Athletes who contracted COVID-19 face longer road back to fitness, study finds
The preliminary findings suggested that athletes who survived COVID-19 had 'a significantly longer return-to-play' than those with other acute respiratory illnesses.
JOHANNESBURG - Emerging data showed that some athletes who contracted COVID-19 may encounter an uphill battle when it comes to getting back to action.
According to a research study led by sports scientist Professor Martin Schwellnus at the University of Pretoria, the road to competing again took four times longer than any other respiratory illness.
The preliminary findings suggested that athletes who survived COVID-19 had “a significantly longer return-to-play” than those with other acute respiratory illnesses.
Prof Schwellnus, researchers and international organisations are collaborating to collect evidence on the recovery rate and long-term impact of COVID-19 on athletes.

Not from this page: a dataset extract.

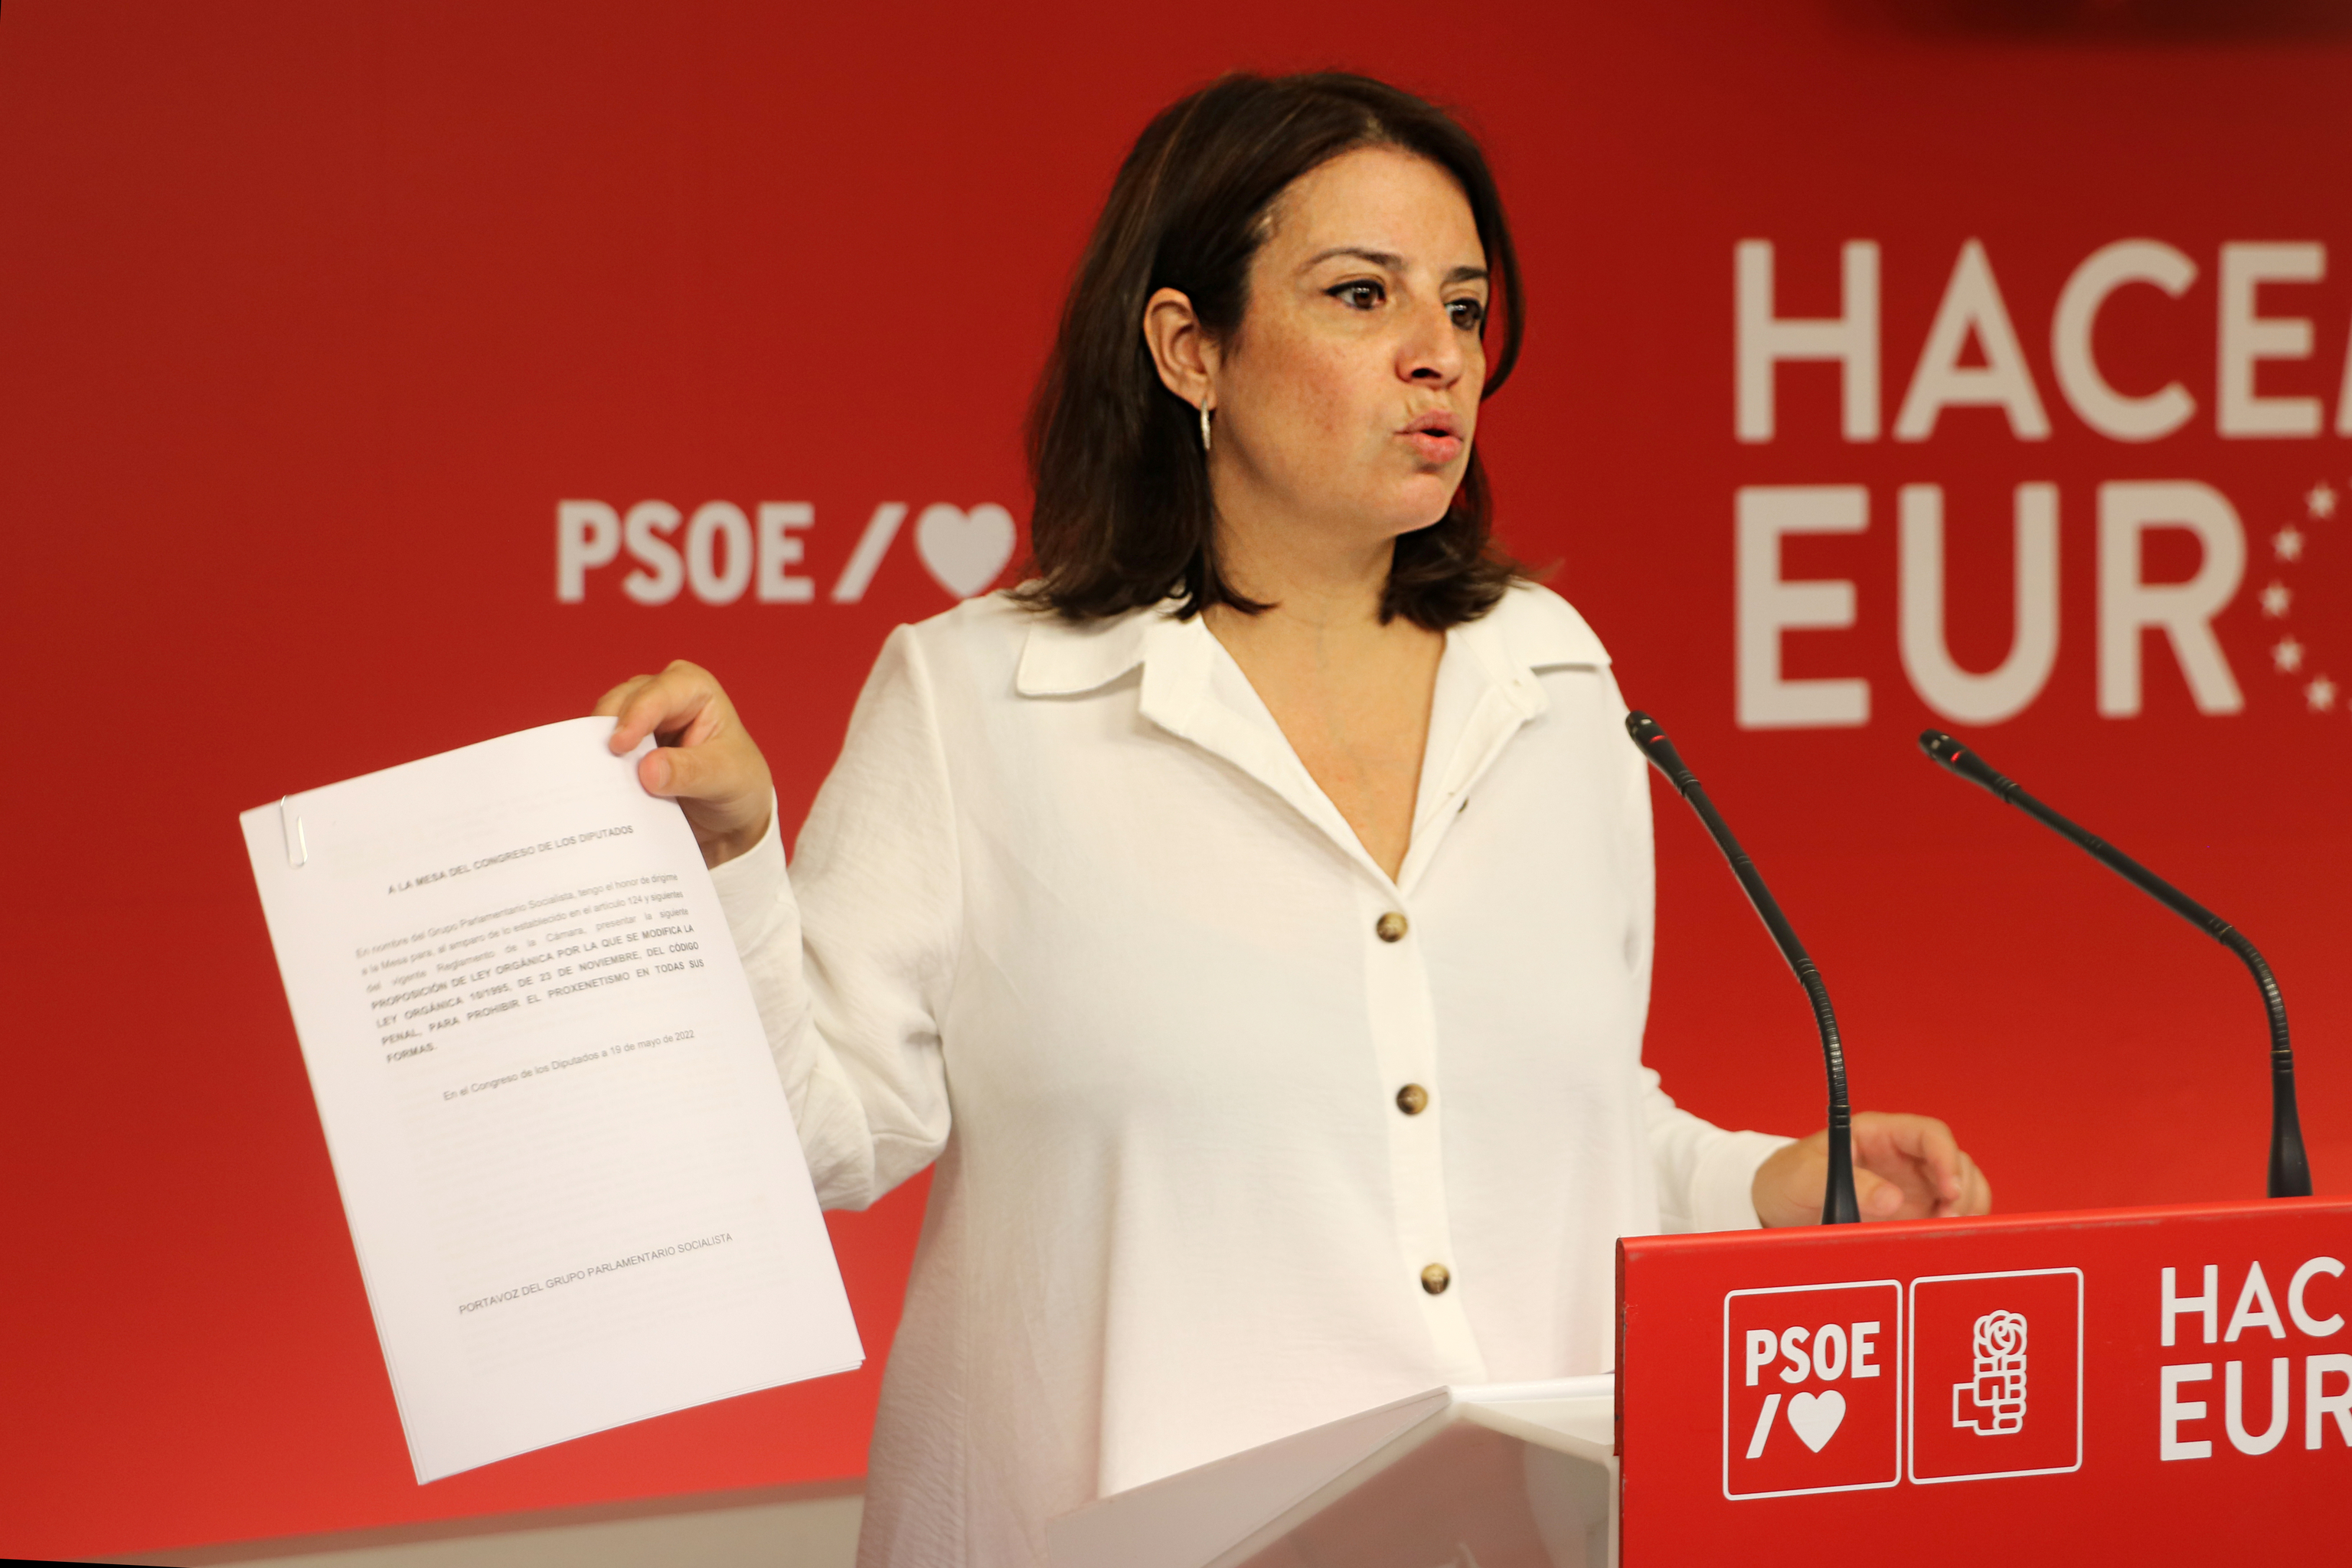 PSOE Deputy Secretary-General Adriana Lastra at a news conference.

One of the studies being conducted has researchers tracking a group of more than 70 athletes for over six months after they contracted COVID-19.
According to Schwellnus, data showed that some athletes were affected by lingering symptoms of the virus more than three months later, which was often referred to as "long-haul COVID".
"If athletes have the symptom of excessive fatigue very early on in the disease, they are much more likely to take a longer time to get back to sport," he said.
"We are learning about this disease and its effects on athletes almost every day," the professor said.
Healthier individuals, and particularly physically active individuals, including athletes, are more protected from severe disease, hospitalisation, and death.